The Puss Moth - one of the two that Tata purchased from England - was beginning a modest weekly mail service.
The plane cruised at 100mph (160km/h), battling headwinds in what was a "bumpy and hot flight". A bird flew into the cabin and had to be killed.
After a refuelling stop - a bullock cart ferried fuel to the airline in Ahmedabad - the plane landed on a mud flat in Bombay (now Mumbai) in the late afternoon. After offloading some of the mail, the second, waiting plane took off with the remainder of its cargo to two cities in southern India.
The planes had to be started up by swinging the propeller by hand, flew without navigational or landing aids, and had no radio communication.
They routinely took off from the mud-flat near the beach in Bombay where the "sea was below what we called our airfield, and during the high tide of the monsoon, the airfield was at the bottom of the sea," Tata recounted later.
When the place got flooded, the airline - two planes, three pilots and three mechanics - moved to a small airfield in the city of Poona (now Pune), 150km to the south-east.
"Scarcely anywhere in the world was there an air service operating without support from the government. It could only be done by throwing on the operator the financial risk. Tata Sons were prepared to take the risk," Sir Frederick Tymms, the then chief of civil aviation in the region told a newspaper in 1934.
Over the years, the mail service expanded to other cities. A lone passenger was also accommodated. In 1937, two Tata planes began a service between Delhi and Bombay, each plane carrying 3,500 letters and one passenger. Within six years of starting up, the airline owned 15 planes, an equal number of pilots and three dozen engineers. It claimed a punctuality of 99.4%.
"It took Tata pilots some time to get accustomed to a human riding in the seat behind them," the tycoon's biographer, Russi M Lala, noted. "One day a skipper consuming a leg of chicken is reported to have thrown the bone out of the cockpit. It was carried by the wind into the lap of his startled passenger".
An aviation buff - he had flown his first solo flight as a 25 year old - Tata had always wanted to build a global airline. In the early 1940s, he spoke presciently about the impending "air age" and how air travel would become "as widely available as railway and steamer facilities today". By 1946, his fledgling airline was carrying one of every three passengers in India and owned nearly half of the roughly 50 planes operating in the country.
Two years later, Air India went international. A brand new Lockheed Constellation plane christened the Malabar Princess took off from Bombay on a flight to London. Tata told the BBC that the flight was the "first by an Asian airline to link the East and West by a regular service". By the end of that year Air India was making profits.
Air India quickly gained a worldwide reputation and a well-known brand. By 1968, 75% of its passengers came from foreign countries.
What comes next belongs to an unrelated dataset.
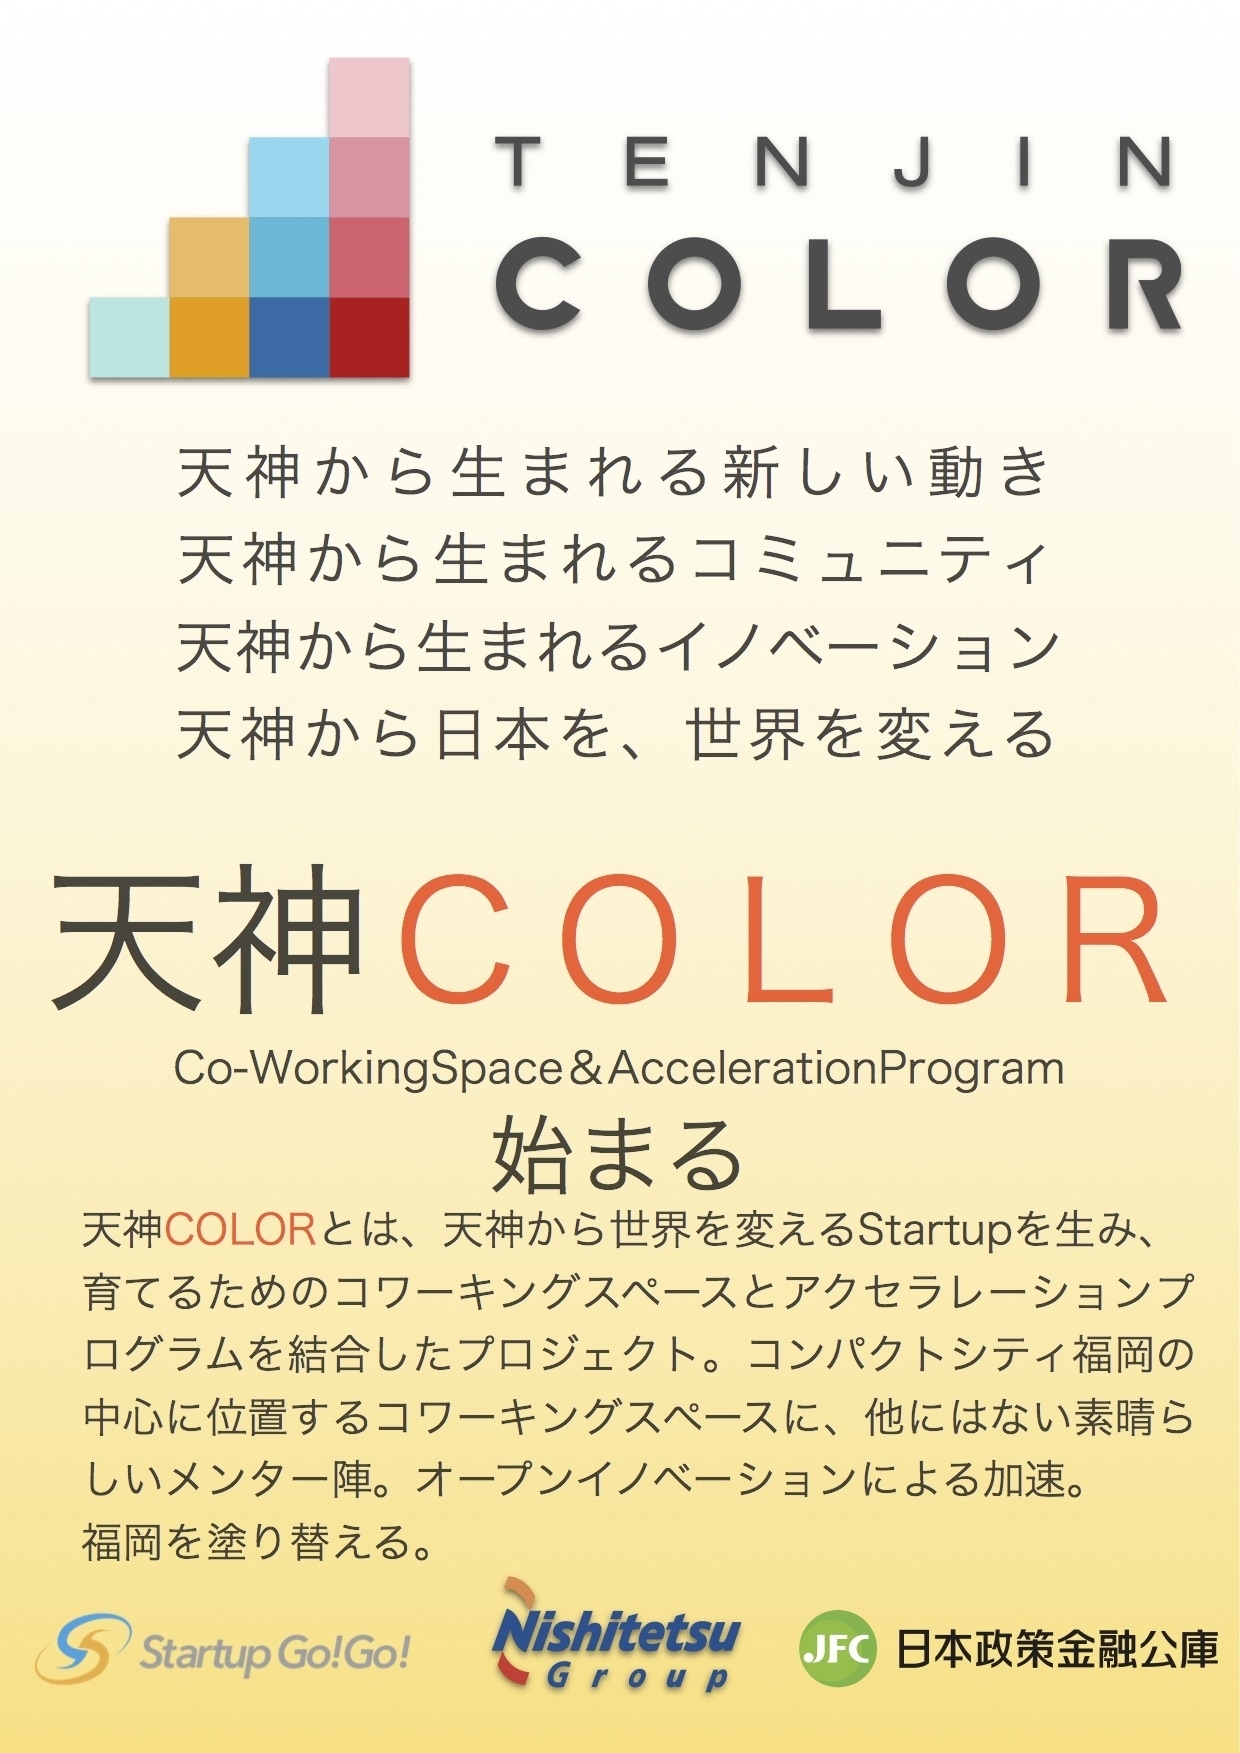 九州初 福岡 天神を拠点とした事業起業家育成プログラム 天神color 開始 Startupgo Go と西日本鉄道 日本政策金融公庫が協力して実施 Startupgo Go 実行委員会のプレスリリース

George Harrison and The Doors flew on it; and Salvador Dali designed and gifted the airline with a special ashtray.
Tata, a domineering businessman, was punctilious about in-flight service: he once pointed to the colour of tea served on the flight as "indistinguishable" from the colour of coffee; stopped cabin attendants from smoking in the galleys while on duty; and complained that the bacon and tomatoes were often served "stone cold" in the first class breakfast.
He also ticked off his crew for not being properly groomed. "We must know where to draw the line between the odd, the ridiculous and the attractive. Some of your pursers grow sideburns right into their collars! Some have grown drooping moustaches, that make them indistinguishable from Fu Manchu. Some hostesses have buns bigger than their head… please do pay special attention to make-up and appearance" he wrote in a note to one of his managers in 1951.